On 1 October 2009, following the removal from office of the Deputy Prime Minister, Minister of Administration and Interior, Dan Nica (PSD), all the PSD Ministers resigned from the cabinet. As a result, all their offices were taken, ad interim by the PD-L, for a period no longer than 45 days. The cabinet should have received a new vote from the Parliament, as its political composition was changed. On 13 October 2009, for the first time in the post-communist history, the Parliament adopted a motion of no confidence (”moțiune de cenzură”), and Cabinet Boc was removed. It worked just an acting cabinet, with diminished power. Its term ended on 23 December 2009, when the new cabinet, headed also by Emil Boc received the vote of confidence from the Parliament and was sworn in at Cotroceni Palace. During the interim period, Traian Băsescu nominated repeatedly friendly candidates, despite the fact that the then opposition parties (PNL, PSD, UDMR, and the 18 representatives of the national ethnic minorities), having an absolute majority in both Houses of Parliament, expressed their will to nominate the Mayor of Sibiu Klaus Iohannis as Prime Minister.

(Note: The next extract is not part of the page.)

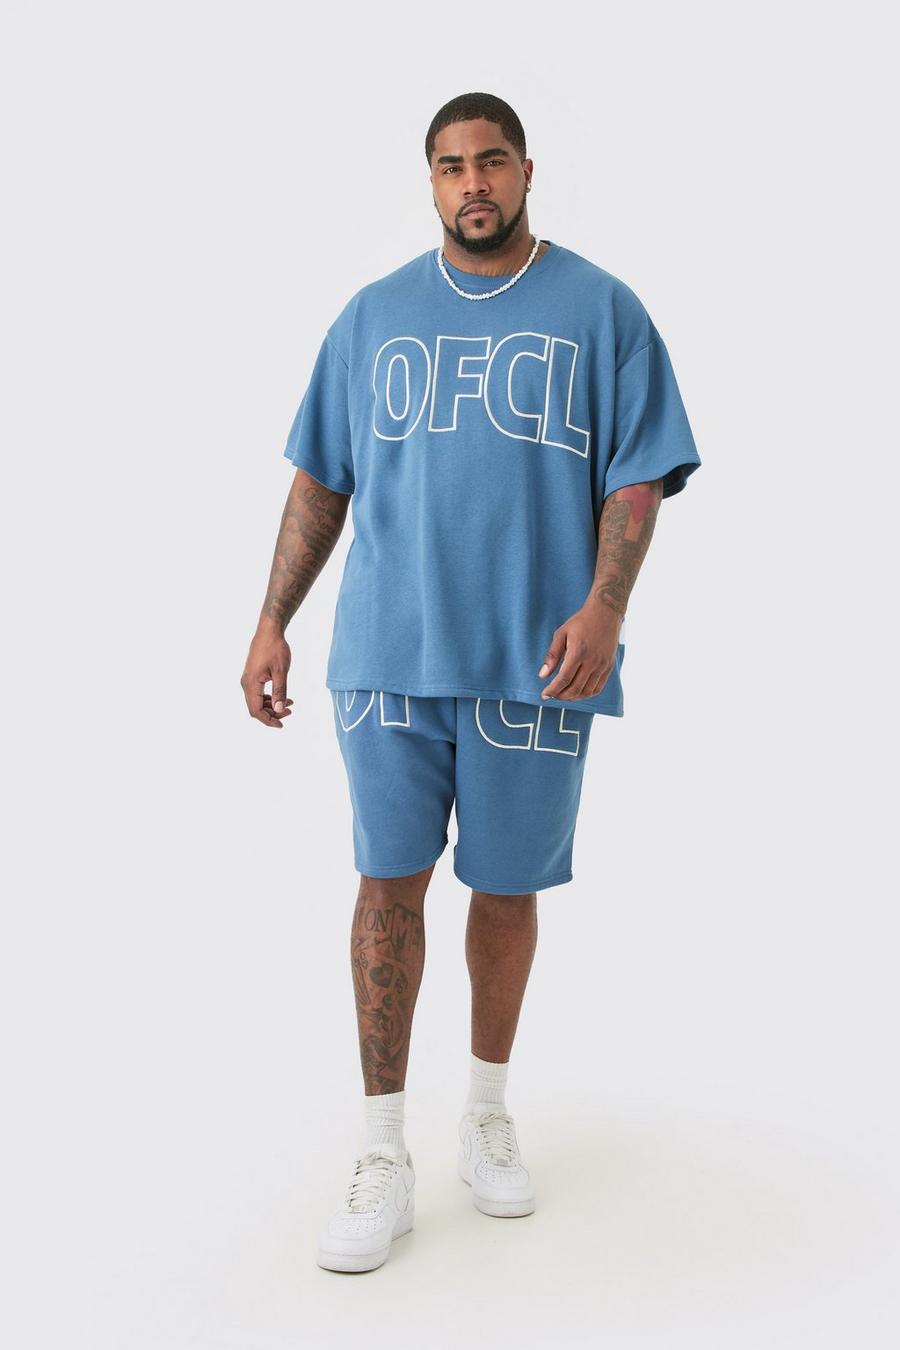 Slate blue Plus Oversized Ofcl Applique T-shirt & Short Set

Proposed Croitoru and Negoiță cabinets 

The Croitoru-proposed cabinet was Lucian Croitoru's proposal for the cabinet, composed of 14 ministers, listed below. It was proposed on 23 October 2009, and was rejected by the Parliament of Romania on 4 November 2009.

On 15 October 2009, President Traian Băsescu, citing the need for an individual well-versed in economic policy to steer Romania through the ongoing crisis, nominated the politically independent Lucian Croitoru as Prime Minister in place of Emil Boc, whose cabinet fell after losing a motion of no confidence two days earlier. The nomination was backed by the Democratic Liberal Party, which is supporting Băsescu in the upcoming presidential election, but drew criticism from the rest of the parties represented in the Romanian Parliament (the Social Democratic Party, the National Liberal Party, the Democratic Union of Hungarians in Romania and the Parliamentary group of ethnic minorities), which backed Sibiu Mayor Klaus Iohannis for the position, and vowed to challenge Croitoru's nomination at the Constitutional Court or derail it in Parliament. In a meeting with Croitoru on 20 October, the four Parliamentary groups told Croitoru they would not vote for a cabinet headed by him, and asked him to refuse the nomination as Prime Minister.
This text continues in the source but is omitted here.